Data extracts:

=====

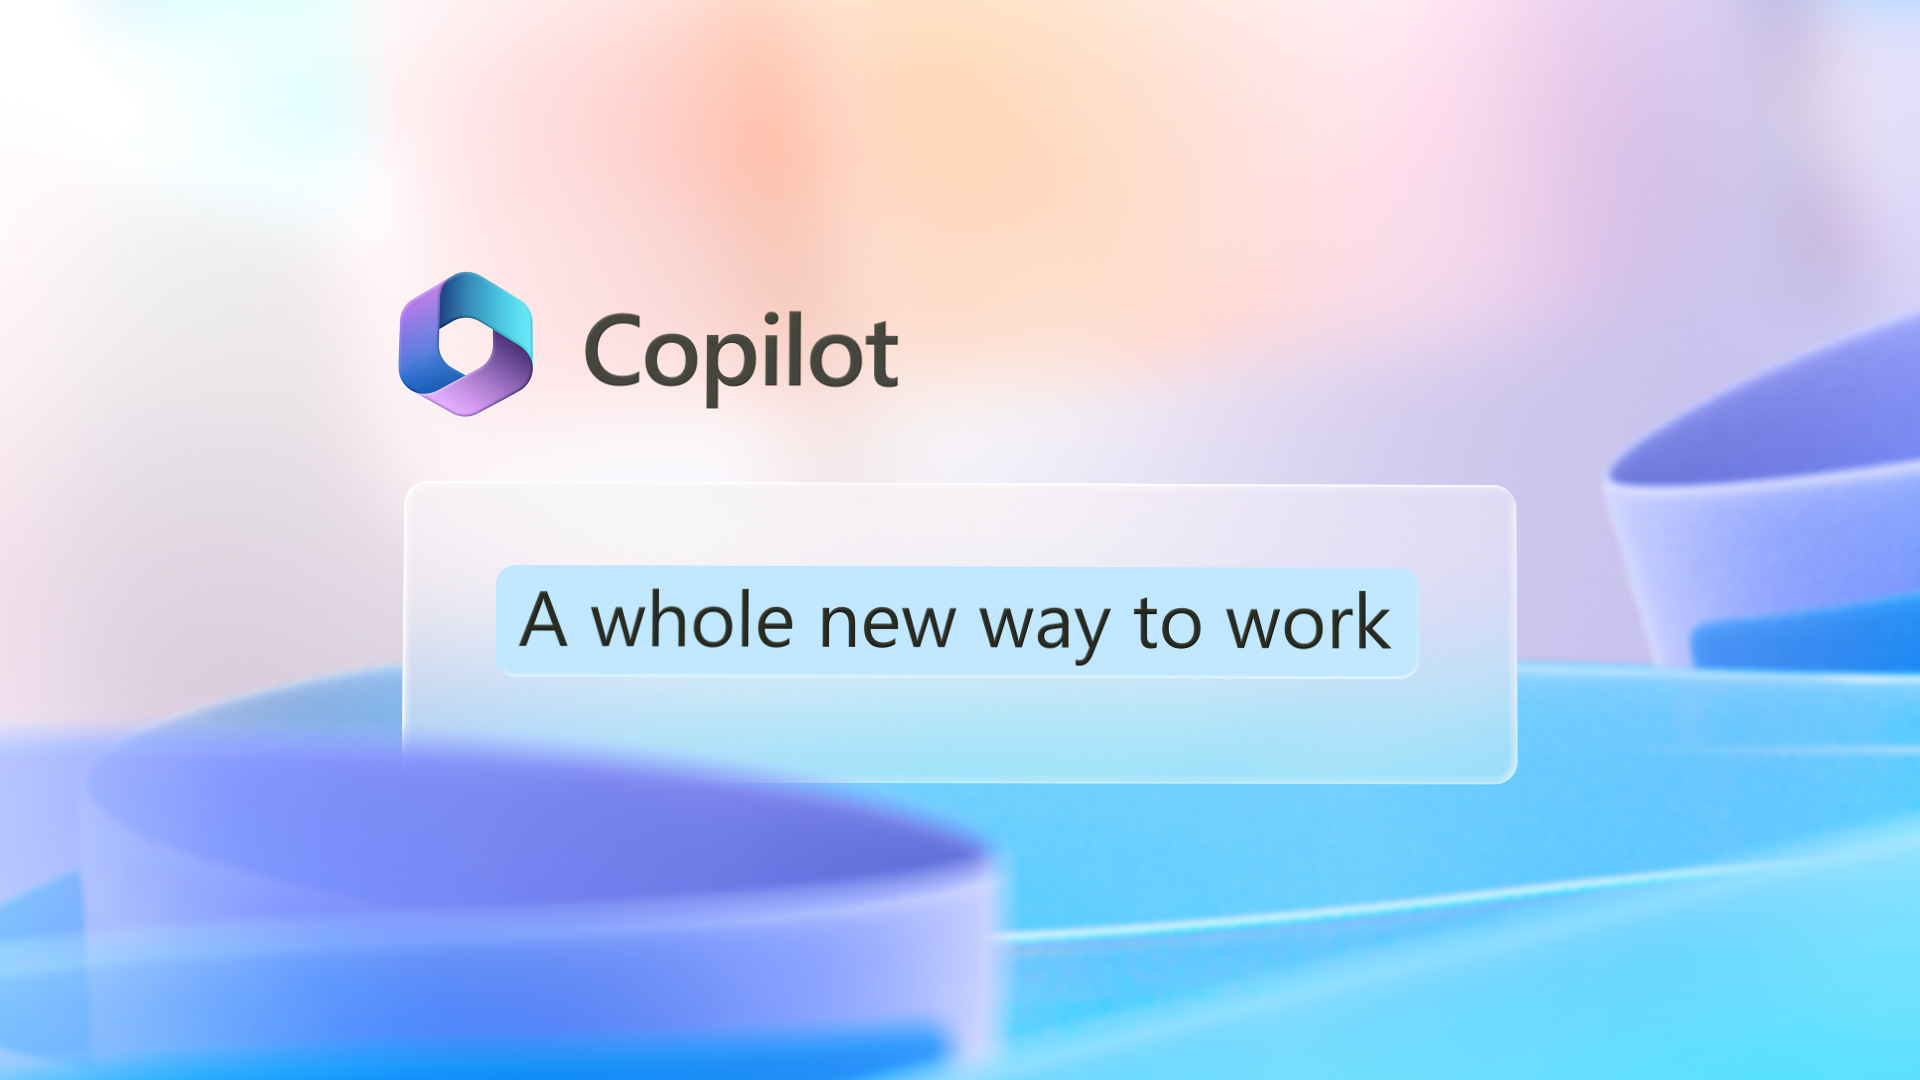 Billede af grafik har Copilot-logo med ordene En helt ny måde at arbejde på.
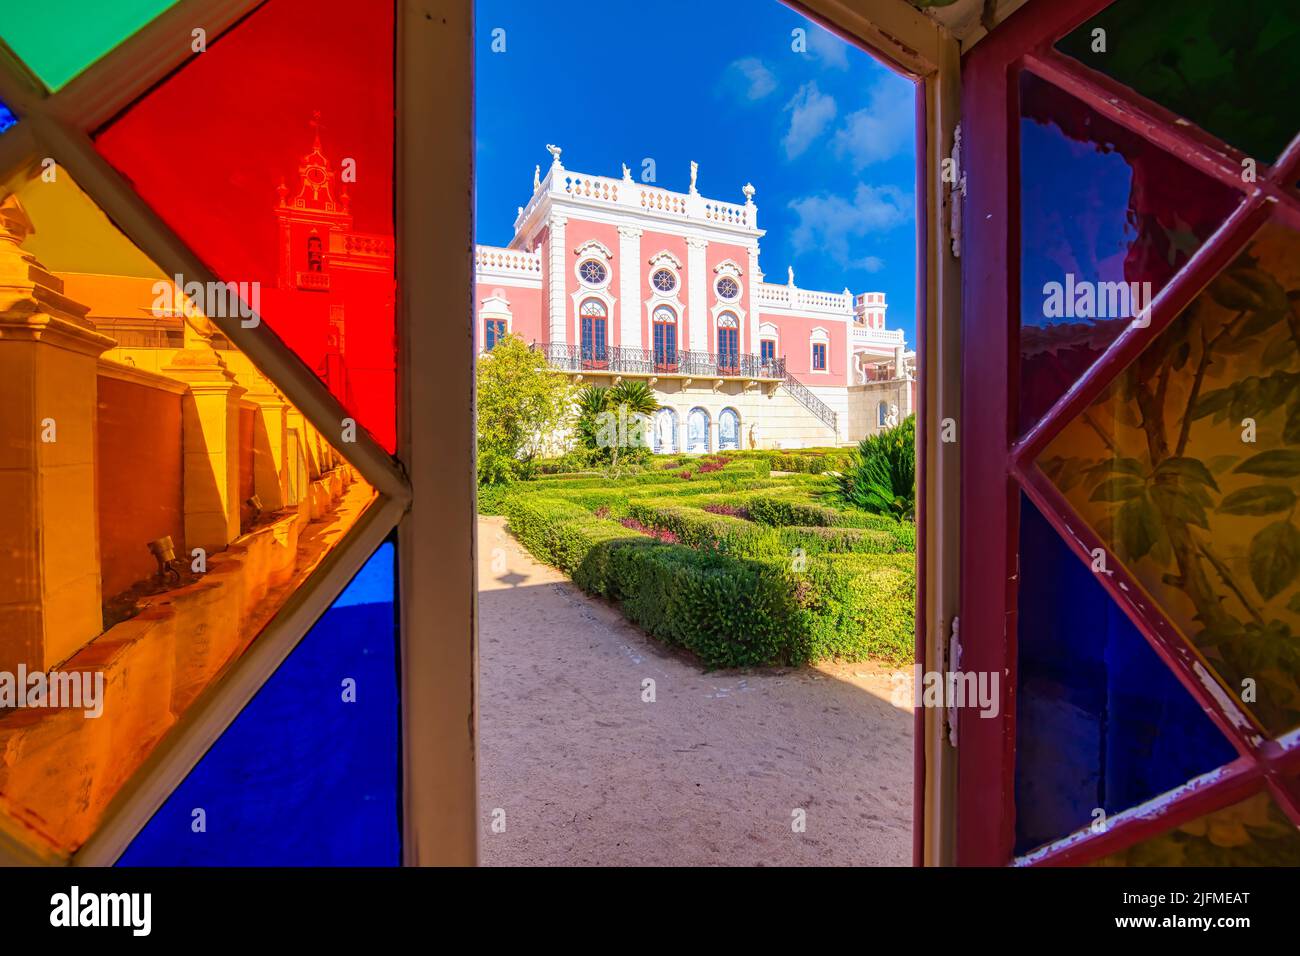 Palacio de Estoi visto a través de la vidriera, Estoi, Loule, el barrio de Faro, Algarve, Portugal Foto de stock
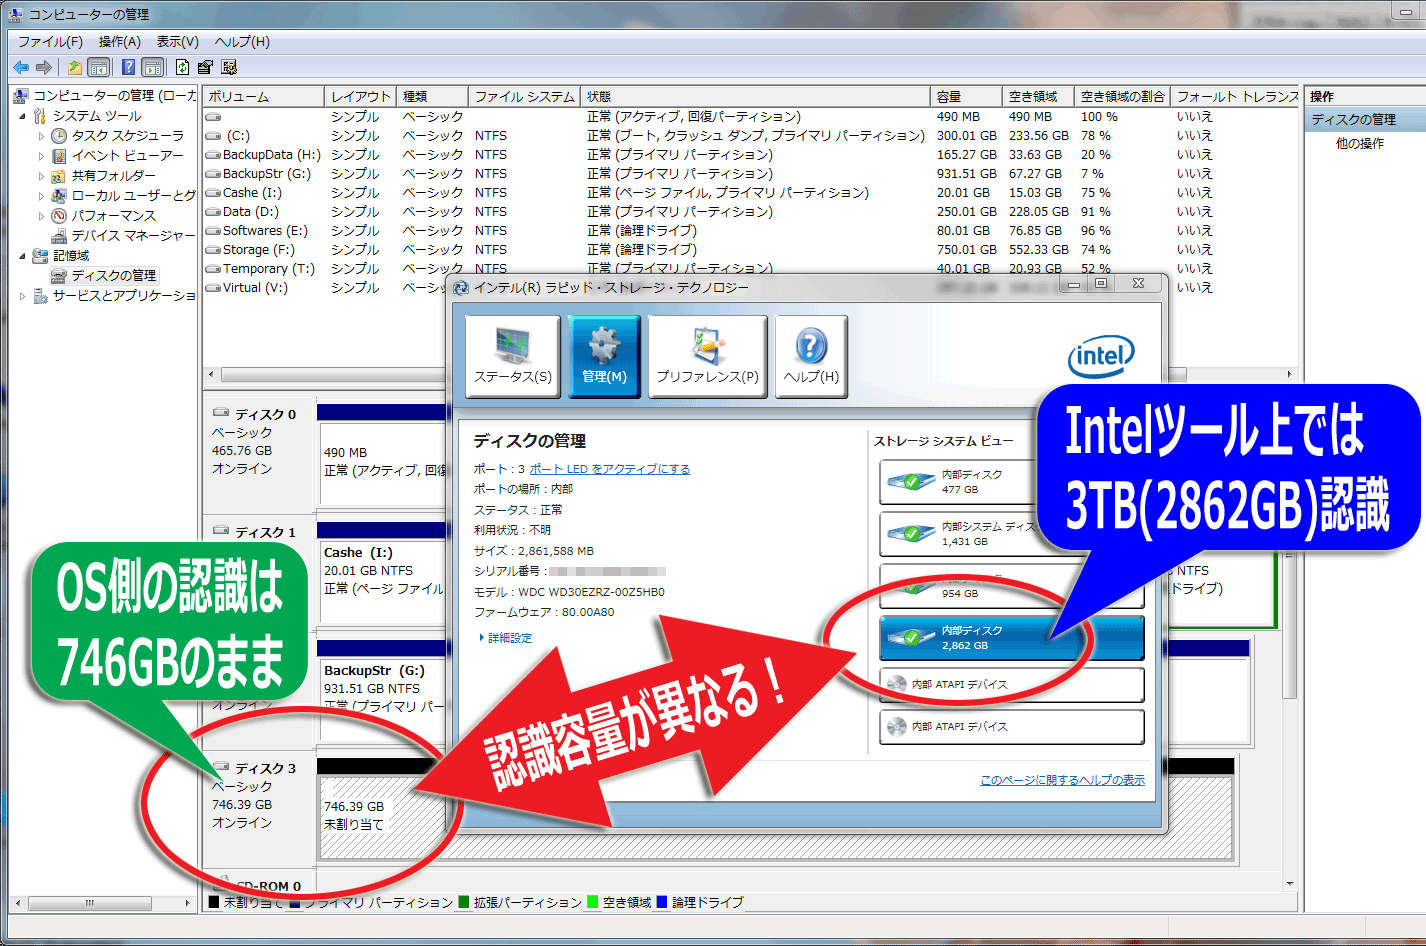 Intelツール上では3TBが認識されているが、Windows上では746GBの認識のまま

=====

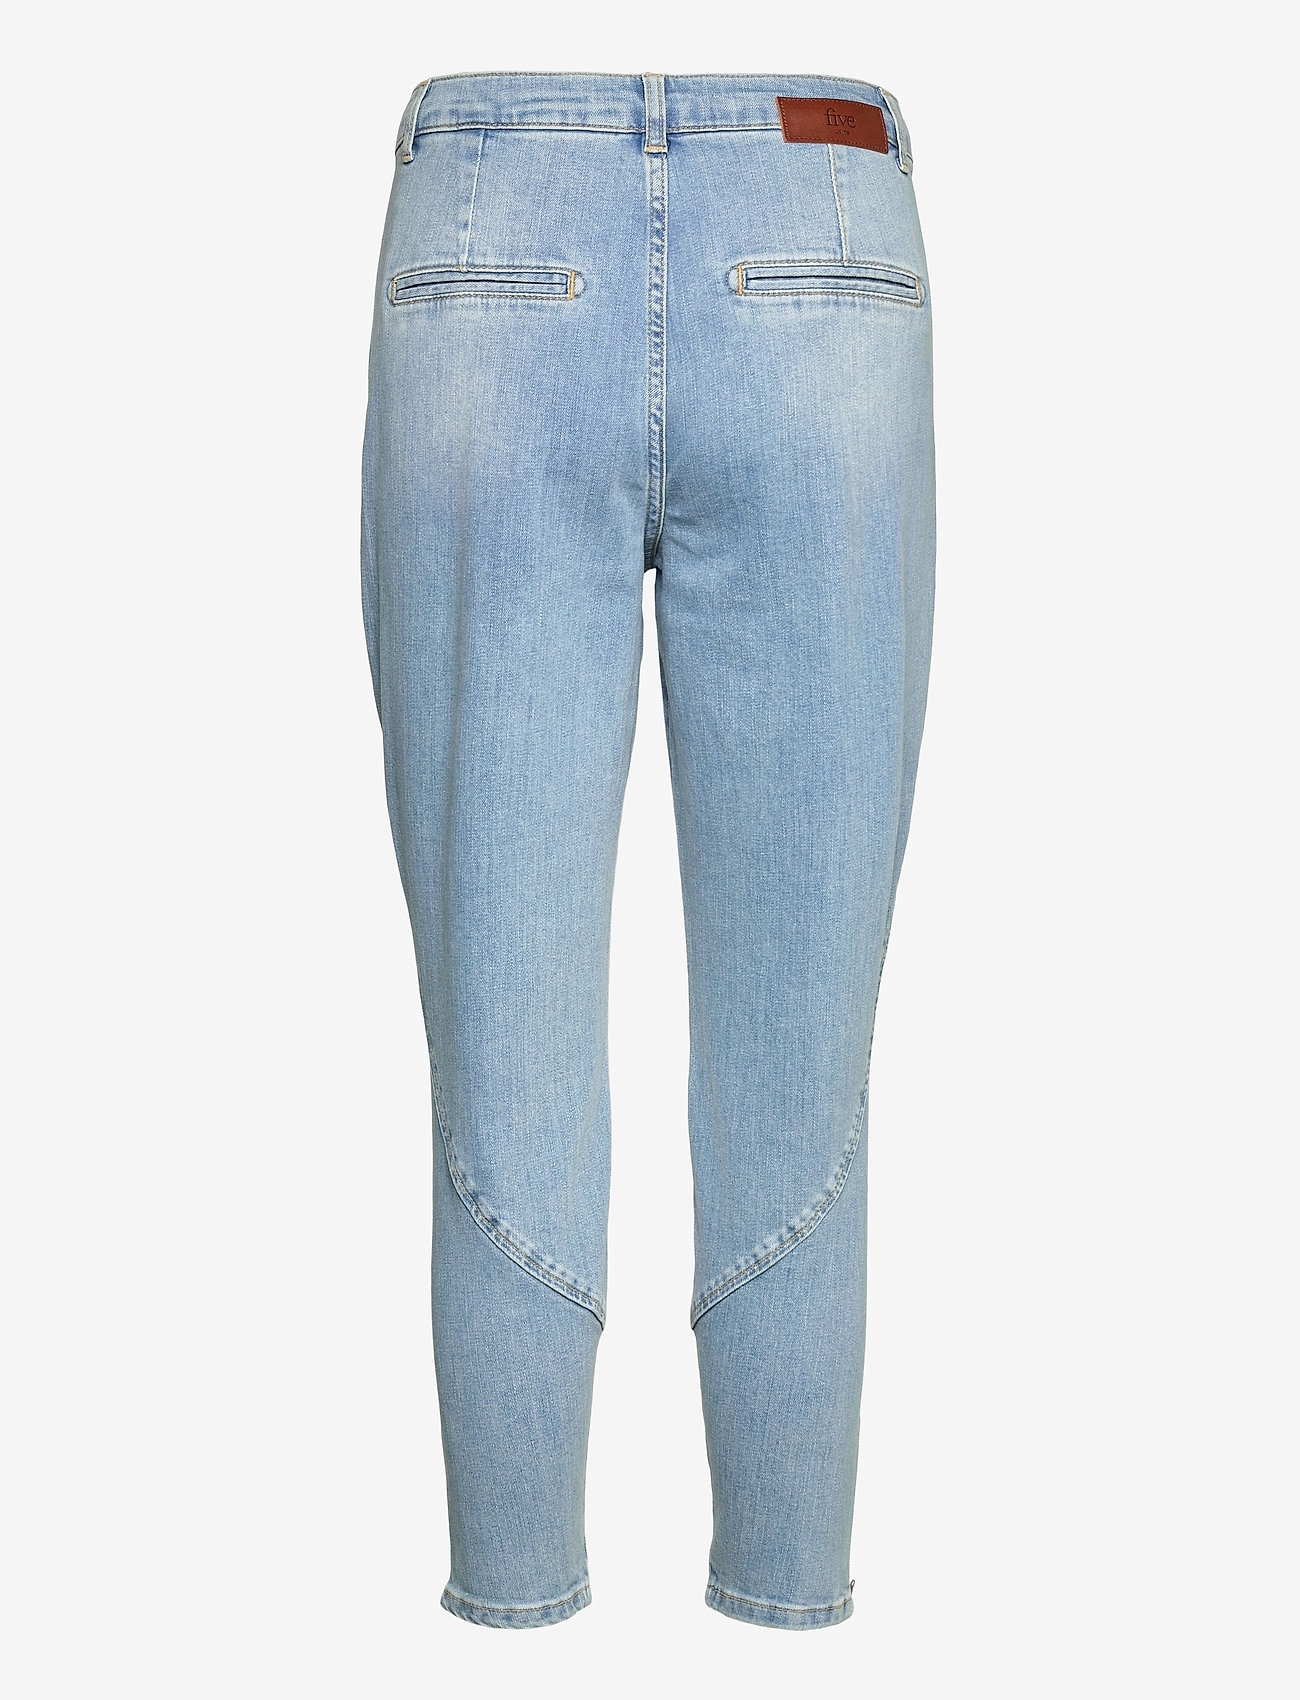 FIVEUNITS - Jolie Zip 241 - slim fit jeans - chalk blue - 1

=====

What is being asked:
Set the pictures aside and retype exactly the lines above from the line with "Palacio de Estoi" to the line with "Intelツール上では3TB", both included, adding no others.

Reply:
 Palacio de Estoi visto a través de la vidriera, Estoi, Loule, el barrio de Faro, Algarve, Portugal Foto de stock
 Intelツール上では3TBが認識されているが、Windows上では746GBの認識のまま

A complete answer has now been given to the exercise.